Humor me for a second. I wanna tell a story, but i want to start with a kindve initiatory question: "Because when people say "im confused" my first thought is actually "What would you have me say then...?" "
But lets not get lost in that question, because its more of an *ice breaker, like a Gingerbread house for us all to meet at without getting worked up. Not meant to be taken seriously (DONT TAKE IT AS A SERIOUS QUESTION)
Back in the day, i was working at this job (doesnt matter where) and i had had this co-worker, and sure, i had multiple co-worker/relationships like this, relationships where we had started to *bump heads*. And I kept telling him a story about how "theres this guy whos been bothering me... yada yada" .. you know... small talk. b.s. stuff...
And so, my co-worker would listen to me ~ going on and on about my life, and,
because him and i had a falling out, and because we werent exactly on good terms (its complicated/hard to explain) and because we were co workers, it just made things hard... and i chose him to start conversations with, expressing to him how.. how BAD it was going for me... trying to get past the b.s. from the day, during work, and in my life (i expressed it in a way that was... somewhat tolerable, cause the real version sucks!!!)
And like i said, it was a sore area to talk about, and i couldve mentioned many, many subjects that were also on the sore side (there isnt anything NOT sore, put it that way, im just good at speaking to people in person... obviously thats not the case online since no one can understand me)
But i was curious "what he wouldve done" instead, like "what were my options", cause whatever i kept doing was causing more and more trouble for myself ... so much so ~ that this individual, the individual causing me trouble had visited that co-worker in person, and thankfully the coworker was able to get rid of him... easily... not by force. Im not sure what he did, for his spirit just "shoo'd" him away somehow, possibly by accident, possibly luck, possibly skill, who knows... doesnt matter..
That situation helped me learn something. Granted, the major downfall happened after, but like... I mean, im referencing it now, so i learned something about a situation that i could reference.
So bottomline, after all of that, telling him about how, there were issues in my life, especially certain persons, he would end up saying:
"Are you talking about me (metaphorically)?"
Like, in other words, he thought, because him and i werent on good terms, and because we didnt have the right rhythm together, that everything i was saying, everything i was talking to him about ~confiding in him~ was ABOUT HIM. Presumably about the falling out between him and i.
I was like, are you fucking serious. And maybe he meant "is that how you feel about me" typeve thing (meaning, "i get what you been through, but is that ALSO how you feel whilst here?"). But if thats what he meant, he didnt say anything like that.
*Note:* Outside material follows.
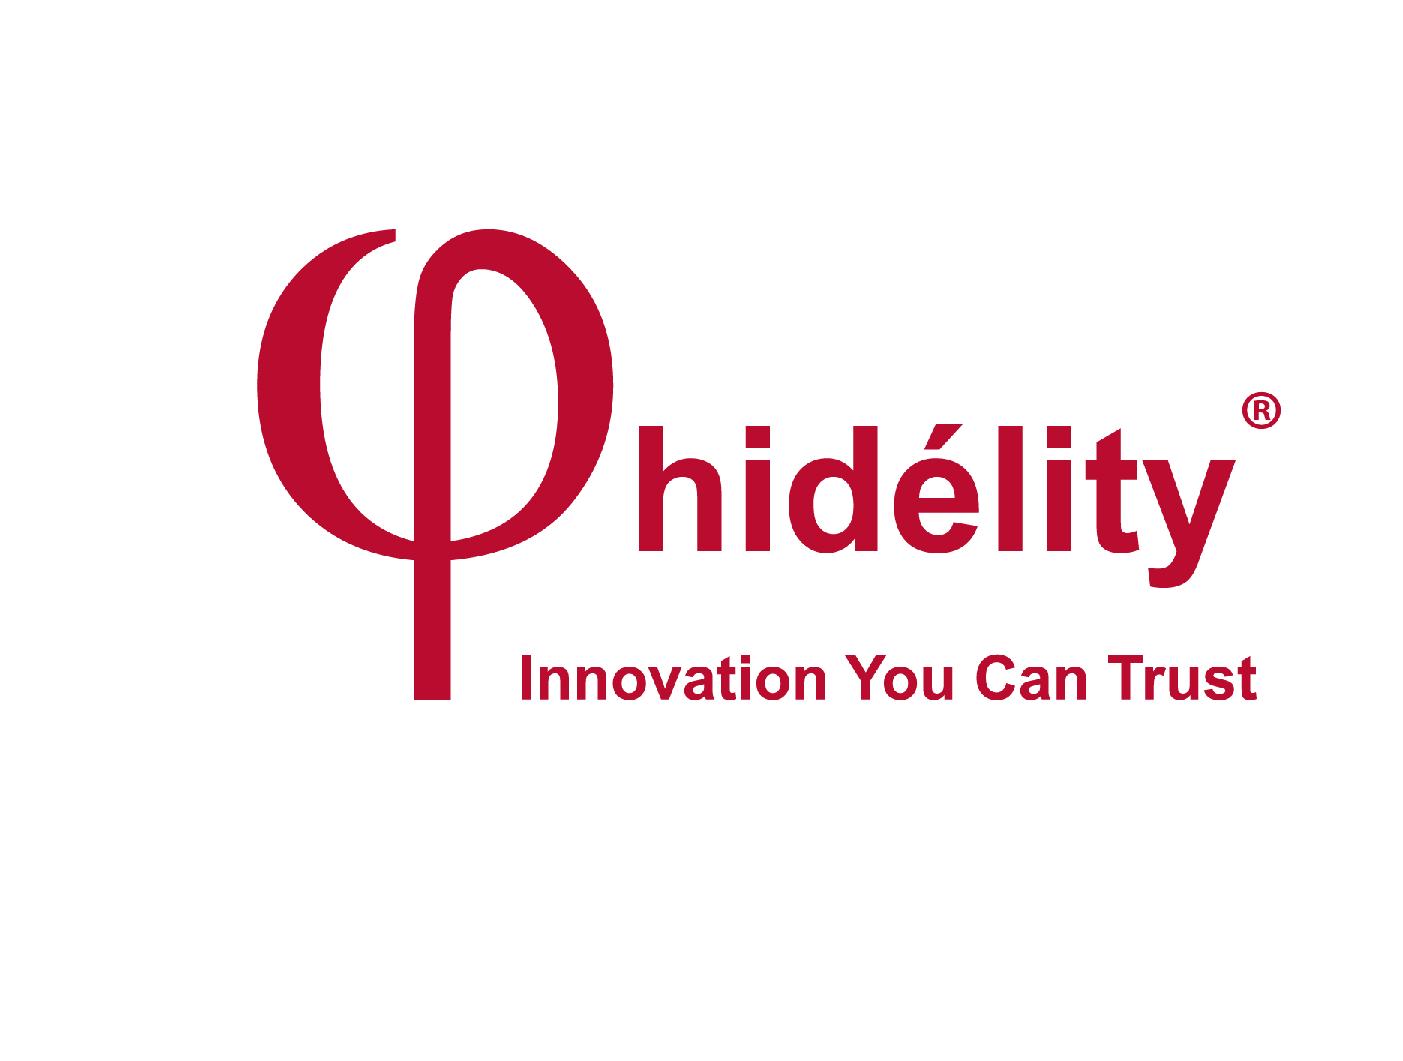 Phidelity_RGB_R - Copy.png

Thats not the point anyway.
The point is, i gave him this elaborate story, interweaving through things that are ~and continue to be~ hard to speak on, and it just flew over his head. Like he didnt understand anything i was telling him. Did he say "i dont understand anything you said", Well... Think about it, its totally different situation when offline compared to online. We were in person, offline.
P.s. On the off chance he did say that, what he wouldve meant was "i can NOT relate to your experience"
The point is, we were co workers, spending many hours together ~ which awarded us too much time to understand each other. And in the end, like days before i left that b.s. (not because of him!), he said "was that all analogy... Do you mean (me) and not (this life long antagonist)?"
He probably thought i left that job because of him... like... He had NO FUCKING CLUE. Like wtf???
Thats what my life is. In the end, even the co worker is like, "i dont get it".
> Well, what is there to get... its like, we are just talking... spitballing; like... nobody knows anything about me, therefore im expressing to you something about me. Do i have to outline the mechanics of this? Like how many details are to be splattered on the wall before its like, you are witnessing the witness whos been through some shit. And we are trying to mentally survive it now, together, otherwise itll be unbearable from here on out.
Like, we started from this standpoint of "My dad use to take me to karate..."
I am telling you what happens in real life, when you arent rolling downhill. Theres no insult there, its just what happened in our conversation today. Uphill from one person, Downhill from the other. Im not even commenting on it, besides the karate part, which is just word for word. the first few words. it didnt mean anything, which is the point though. we're changing the subject. I mean, starting over, "my dad DIDNT take me to karate", THere.
But anyway, that is what im tryina express there. THats it. Feel free to share. Keep in mind, it may feel somewhat unbearable, cause for myself, there isnt any point where im not finding things unbearable.
This is just stress level +4 on the "Already-Stressed-to-Death" level towards infinity case for me. I assume theres gonna be people like that too on here, at some point, people whove been through some shit, and to treat everyone with that benefit of the doubt at first (or im just double checking, cause i definitely dont want to insult people like myself, like older people i mean... if its a young soul, i mean... sometimes you cant help but correct them... it just happens... i mean...).
I always preface with ".. gonna be a stressful situation" if its gonna be a stressful situation.